Try it — The records below are to be repeated in full, exactly as they are.

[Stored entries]
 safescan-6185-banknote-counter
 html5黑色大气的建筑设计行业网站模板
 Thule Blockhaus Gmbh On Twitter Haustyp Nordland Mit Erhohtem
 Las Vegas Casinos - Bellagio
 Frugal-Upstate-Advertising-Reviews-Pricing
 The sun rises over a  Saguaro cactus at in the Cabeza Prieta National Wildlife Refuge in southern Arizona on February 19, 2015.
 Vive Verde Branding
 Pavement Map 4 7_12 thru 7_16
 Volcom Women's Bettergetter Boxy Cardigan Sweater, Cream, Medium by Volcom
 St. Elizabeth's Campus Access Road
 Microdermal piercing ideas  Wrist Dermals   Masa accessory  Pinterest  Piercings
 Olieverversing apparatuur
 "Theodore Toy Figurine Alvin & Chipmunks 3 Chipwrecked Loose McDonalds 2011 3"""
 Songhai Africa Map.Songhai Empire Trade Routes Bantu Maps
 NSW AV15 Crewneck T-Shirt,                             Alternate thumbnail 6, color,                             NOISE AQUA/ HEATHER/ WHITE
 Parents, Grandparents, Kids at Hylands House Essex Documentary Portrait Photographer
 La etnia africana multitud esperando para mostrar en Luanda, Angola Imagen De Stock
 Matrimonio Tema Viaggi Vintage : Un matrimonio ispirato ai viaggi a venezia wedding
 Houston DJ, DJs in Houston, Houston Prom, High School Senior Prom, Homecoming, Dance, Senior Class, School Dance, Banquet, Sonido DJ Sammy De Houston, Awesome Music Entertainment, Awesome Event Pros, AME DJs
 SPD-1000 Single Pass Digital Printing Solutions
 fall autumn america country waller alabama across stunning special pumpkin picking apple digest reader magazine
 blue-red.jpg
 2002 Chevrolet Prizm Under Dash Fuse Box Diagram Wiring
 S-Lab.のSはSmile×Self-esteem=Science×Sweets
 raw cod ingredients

Exercise result —
 safescan-6185-banknote-counter
 html5黑色大气的建筑设计行业网站模板
 Thule Blockhaus Gmbh On Twitter Haustyp Nordland Mit Erhohtem
 Las Vegas Casinos - Bellagio
 Frugal-Upstate-Advertising-Reviews-Pricing
 The sun rises over a  Saguaro cactus at in the Cabeza Prieta National Wildlife Refuge in southern Arizona on February 19, 2015.
 Vive Verde Branding
 Pavement Map 4 7_12 thru 7_16
 Volcom Women's Bettergetter Boxy Cardigan Sweater, Cream, Medium by Volcom
 St. Elizabeth's Campus Access Road
 Microdermal piercing ideas  Wrist Dermals   Masa accessory  Pinterest  Piercings
 Olieverversing apparatuur
 "Theodore Toy Figurine Alvin & Chipmunks 3 Chipwrecked Loose McDonalds 2011 3"""
 Songhai Africa Map.Songhai Empire Trade Routes Bantu Maps
 NSW AV15 Crewneck T-Shirt,                             Alternate thumbnail 6, color,                             NOISE AQUA/ HEATHER/ WHITE
 Parents, Grandparents, Kids at Hylands House Essex Documentary Portrait Photographer
 La etnia africana multitud esperando para mostrar en Luanda, Angola Imagen De Stock
 Matrimonio Tema Viaggi Vintage : Un matrimonio ispirato ai viaggi a venezia wedding
 Houston DJ, DJs in Houston, Houston Prom, High School Senior Prom, Homecoming, Dance, Senior Class, School Dance, Banquet, Sonido DJ Sammy De Houston, Awesome Music Entertainment, Awesome Event Pros, AME DJs
 SPD-1000 Single Pass Digital Printing Solutions
 fall autumn america country waller alabama across stunning special pumpkin picking apple digest reader magazine
 blue-red.jpg
 2002 Chevrolet Prizm Under Dash Fuse Box Diagram Wiring
 S-Lab.のSはSmile×Self-esteem=Science×Sweets
 raw cod ingredients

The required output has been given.